This article was published on May 26, 2013

Peter Molyneux’s Curiosity ends with winner becoming the center of upcoming game Godus


Peter Molyneux’s Curiosity ends with winner becoming the center of upcoming game Godus

Today saw the mysterious prize behind Curiosity, veteran game maker Peter Molyneux’s latest project, finally revealed. The former Microsoft man announced the “experiment” based around a secret inside a cube last November, and the title racked up more than 4 million downloads and saw 25 billion cubelets destroyed since then.

The premise of the app was simple, users were given a large black cube which, by tapping, was destroyed piece-by-piece and layer-by-layer. Speaking back in November, Brit Molyneux said the game was an experiment in humankind’s curiosity but promised the prize for the winner would be “amazing” and “life-changing”.

The game ended today and a winner was selected to become “a digital god”. That’s to say that they will be the centerpiece of Godus, an upcoming game from Molyneux and his company, 22Cans, that was funded by Kickstarter.

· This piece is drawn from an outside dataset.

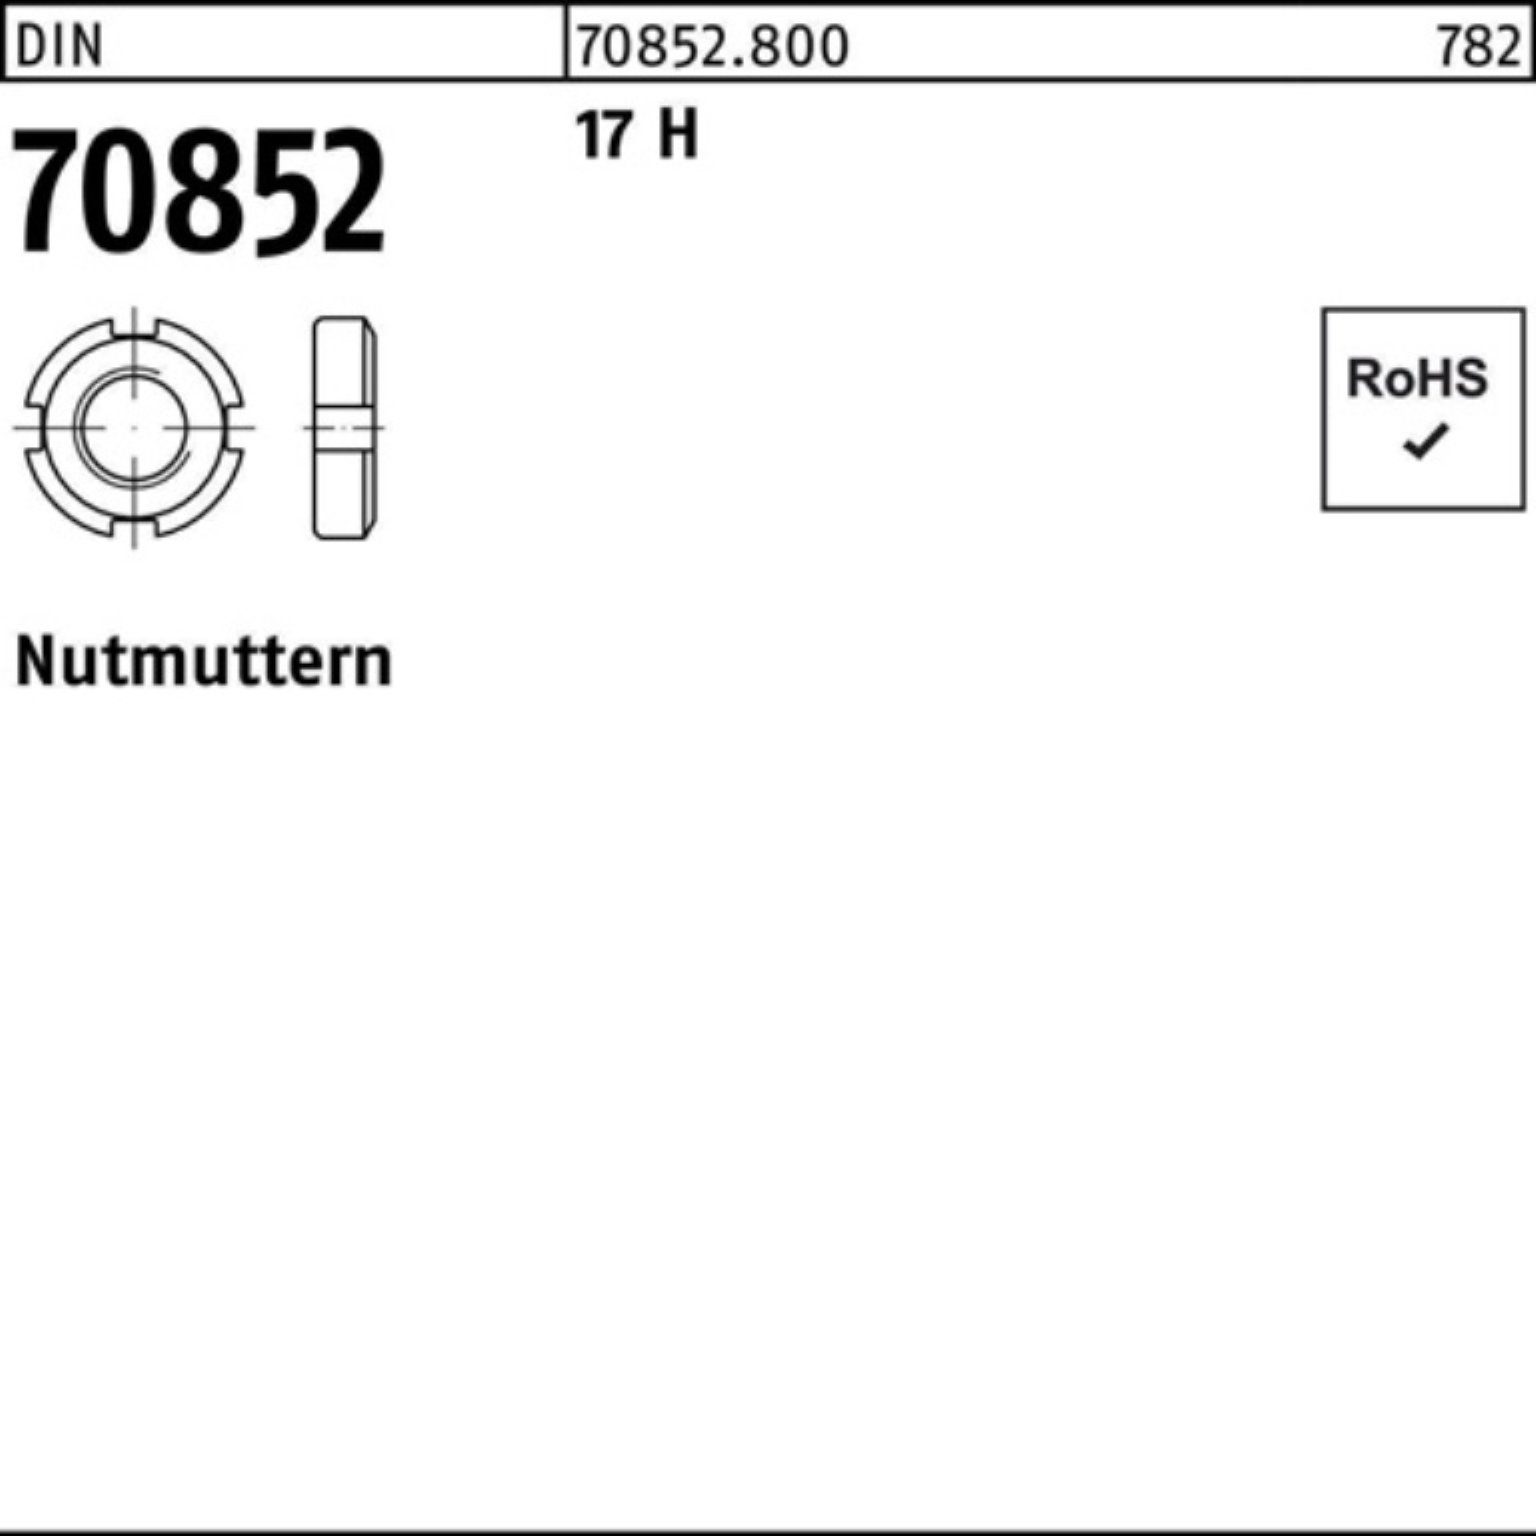 DIN DIN 17 M50x Pack Nutmutter 1 100er Reyher 70852 H 17 H 1,5 N Nutmutter 70852 Stück
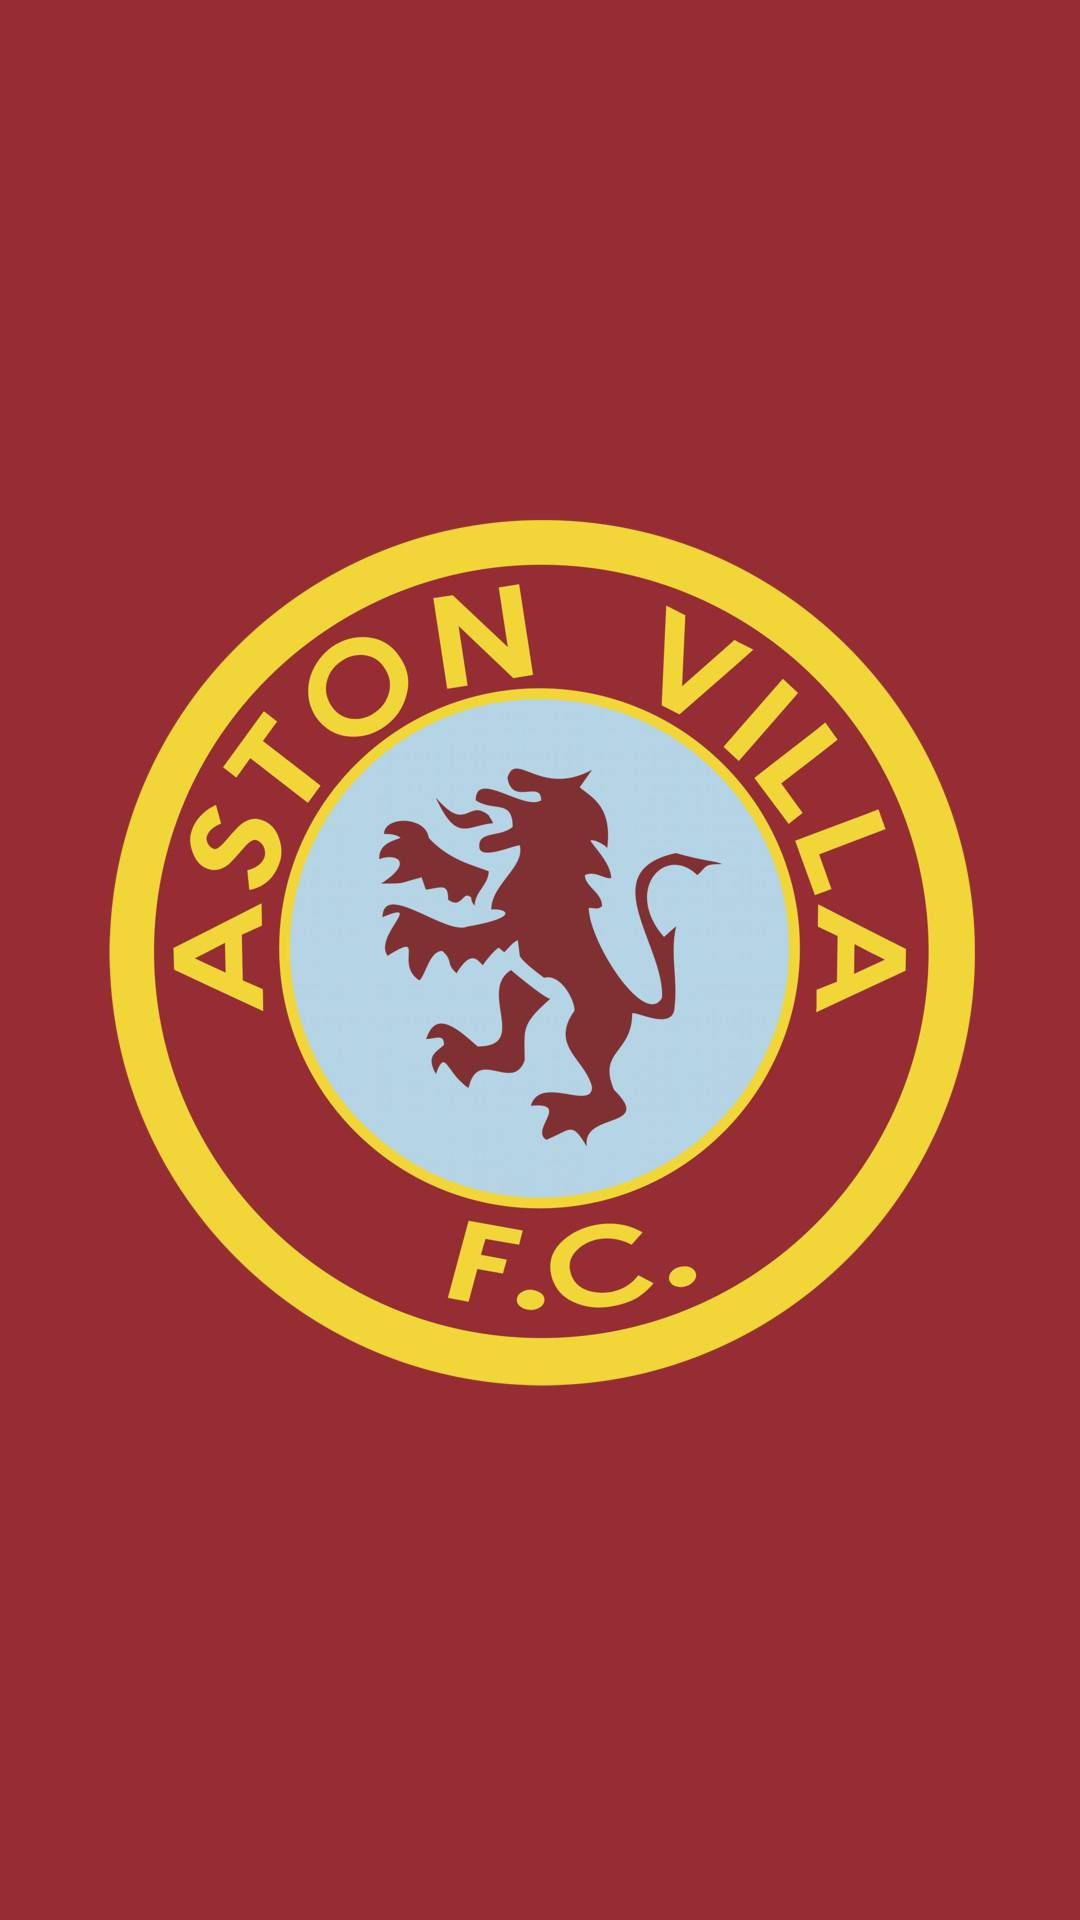 Aston Villa Fc Badge Wallpaper

“The whole game is about being a god to your followers,” Molyneux explains in the winner video (embedded below), revealing that the winner will not only influence the game but will also take a share of the revenue that it generates.

“You will decide how people play a game, you will accrue riches from that game, from the start until the finish of your reign. That, by any definition of the word, is life-changing. You will have fame, you will have fortune, and you will have the power to introduce morales into a game.”

“I hope that you will find this was worth so sore fingers that you may have gained from tapping,” Molyneux says, closing up, before dropping a hint that 22Cans may have plans for another experiment that is “even more intriguing” further down the line.

Godus is a “delightful reinvention” of the god genre that Molyneux helped to pioneer, through games like Populous and Dungeon Keeper, and the title brought in more than half a million dollars in funding from the crowdfunding site. It’s not clear exactly how the winner will be brought into the title, and Molyneux himself says that financial details with the winner are among the items to be sorted in the immediate term.

Already Godus is taking shape, and 22Cans partnered with Japanese mobile game giant DeNA last week in a deal that will bring the title to iOS and Android devices.

Thanks to @m3hr for pointing out the game is ‘Godus’ not ‘Goddess’ as we originally wrote – apologies for any confusion.